From 4032b2de231c4d29ebf1b012f5fb6b8a6433fdeb Mon Sep 17 00:00:00 2001
From: panispani
Date: Fri, 24 Jan 2025 21:56:40 +0000
Subject: [PATCH] Add Maze dataset and config
---
reasoning_gym/games/__init__.py | 4 +
reasoning_gym/games/maze.py | 203 ++++++++++++++++++++++++++++++++
2 files changed, 207 insertions(+)
create mode 100644 reasoning_gym/games/maze.py
diff --git a/reasoning_gym/games/__init__.py b/reasoning_gym/games/__init__.py
index f8e166fa..5b9dfa8c 100644
--- a/reasoning_gym/games/__init__.py
+++ b/reasoning_gym/games/__init__.py
@@ -7,6 +7,7 @@ Game tasks for training reasoning capabilities:
from .mini_sudoku import MiniSudokuConfig, MiniSudokuDataset, mini_sudoku_dataset
from .sudoku import SudokuConfig, SudokuDataset, sudoku_dataset
+from .maze import MazeConfig, MazeDataset, maze_dataset
__all__ = [
"MiniSudokuConfig",
@@ -15,4 +16,7 @@ __all__ = [
"SudokuConfig",
"SudokuDataset",
"sudoku_dataset",
+ "MazeConfig",
+ "MazeDataset",
+ "maze_dataset",
]
diff --git a/reasoning_gym/games/maze.py b/reasoning_gym/games/maze.py
new file mode 100644
index 00000000..019e51fb
--- /dev/null
+++ b/reasoning_gym/games/maze.py
@@ -0,0 +1,203 @@
+import random
+import string
+from dataclasses import dataclass
+from typing import Optional
+
+
+from ..dataset import ProceduralDataset
+
+
+@dataclass
+class MazeConfig:
+ """
+ Configuration for the maze task.
+
+ - min_dist: Minimum distance from start to goal (shortest path).

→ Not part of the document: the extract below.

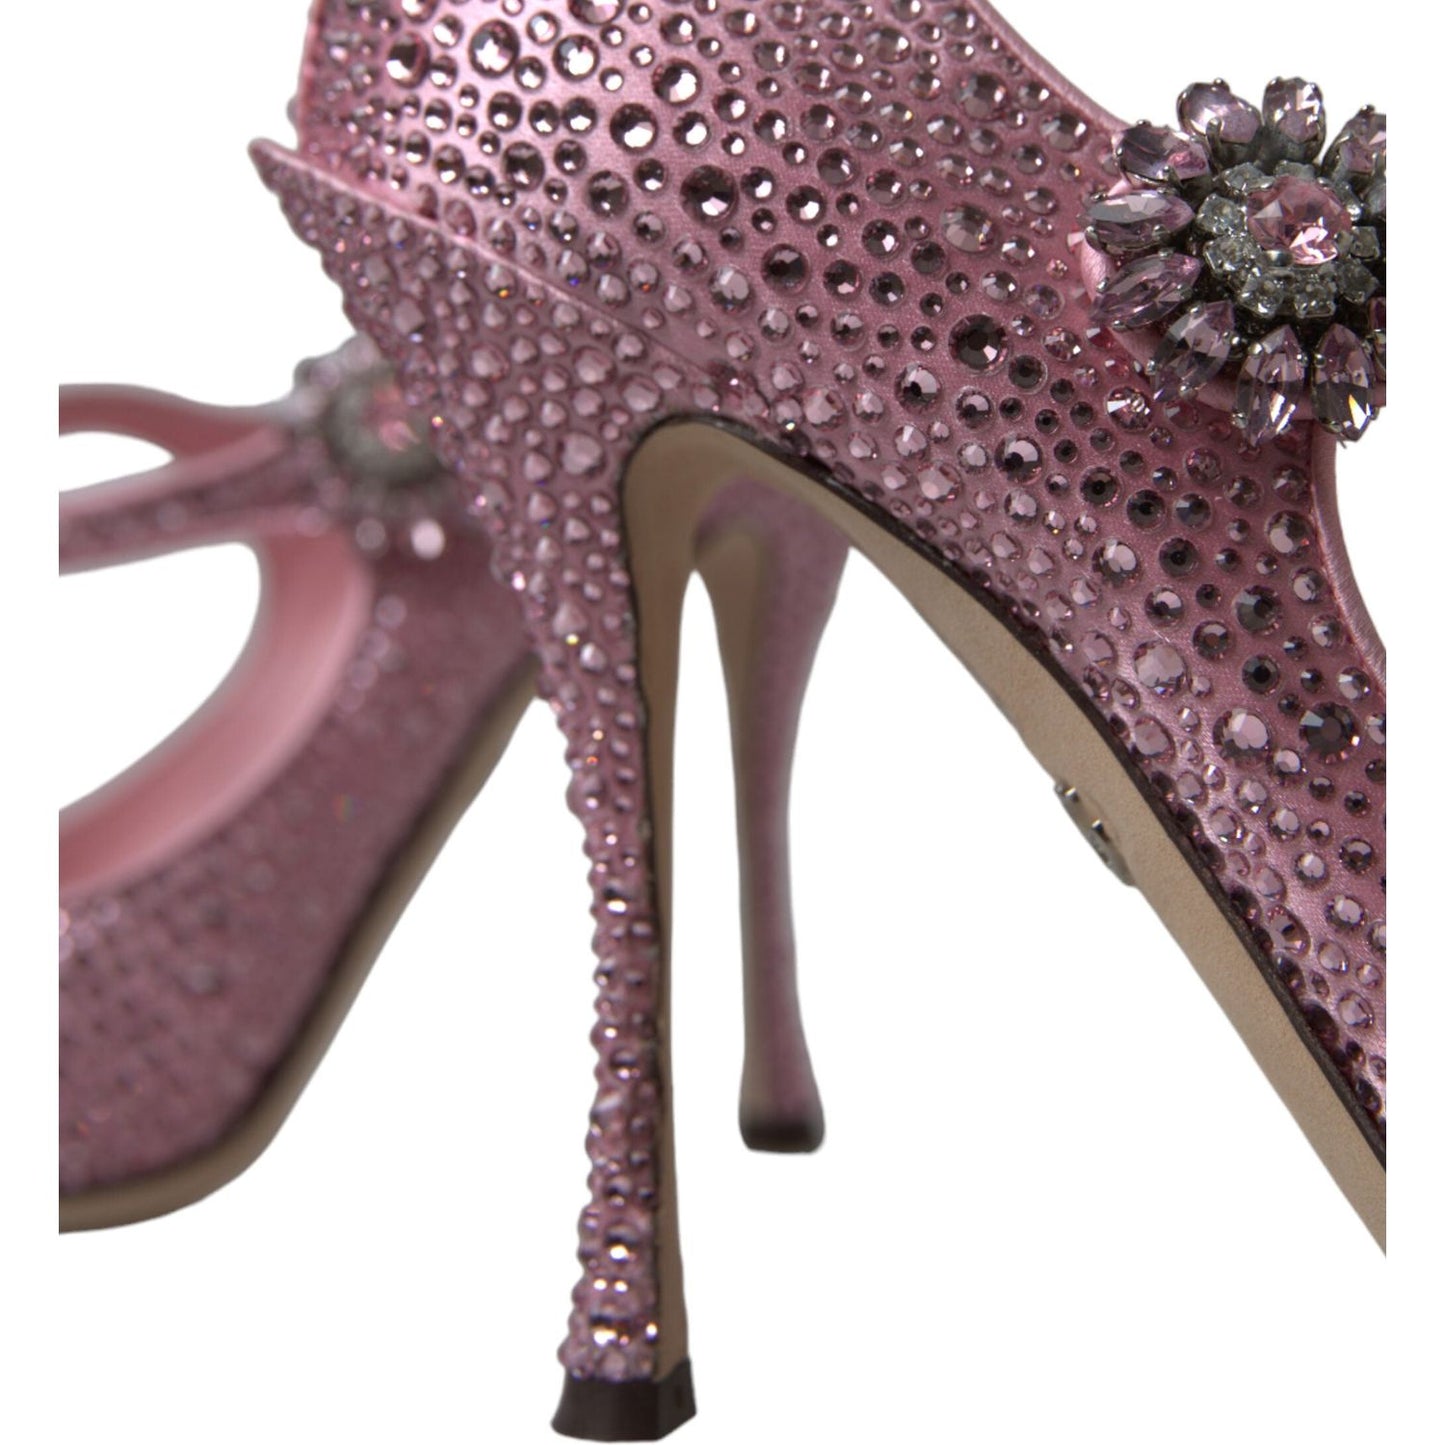 Dolce & Gabbana Enchanting Pink Crystal Pumps pink-strass-crystal-heels-pumps-shoes

+ - max_dist: Maximum distance from start to goal (shortest path).
+ - min_grid_size: Minimum dimension of the square grid.
+ - max_grid_size: Maximum dimension of the square grid.
+ - seed: Optional seed for reproducibility.
+ - size: Number of maze samples in the virtual dataset.
+ """
+
+ min_dist: int = 5
+ max_dist: int = 10
+ min_grid_size: int = 5
+ max_grid_size: int = 10
+ seed: Optional[int] = None
+ size: int = 50
+
+ def validate(self):
+ """Validate configuration parameters."""
+ assert self.min_dist >= 1, "min_dist must be >= 1"
+ assert self.max_dist >= self.min_dist, "max_dist must be >= min_dist"
+ assert self.min_grid_size >= 2, "min_grid_size must be >= 2"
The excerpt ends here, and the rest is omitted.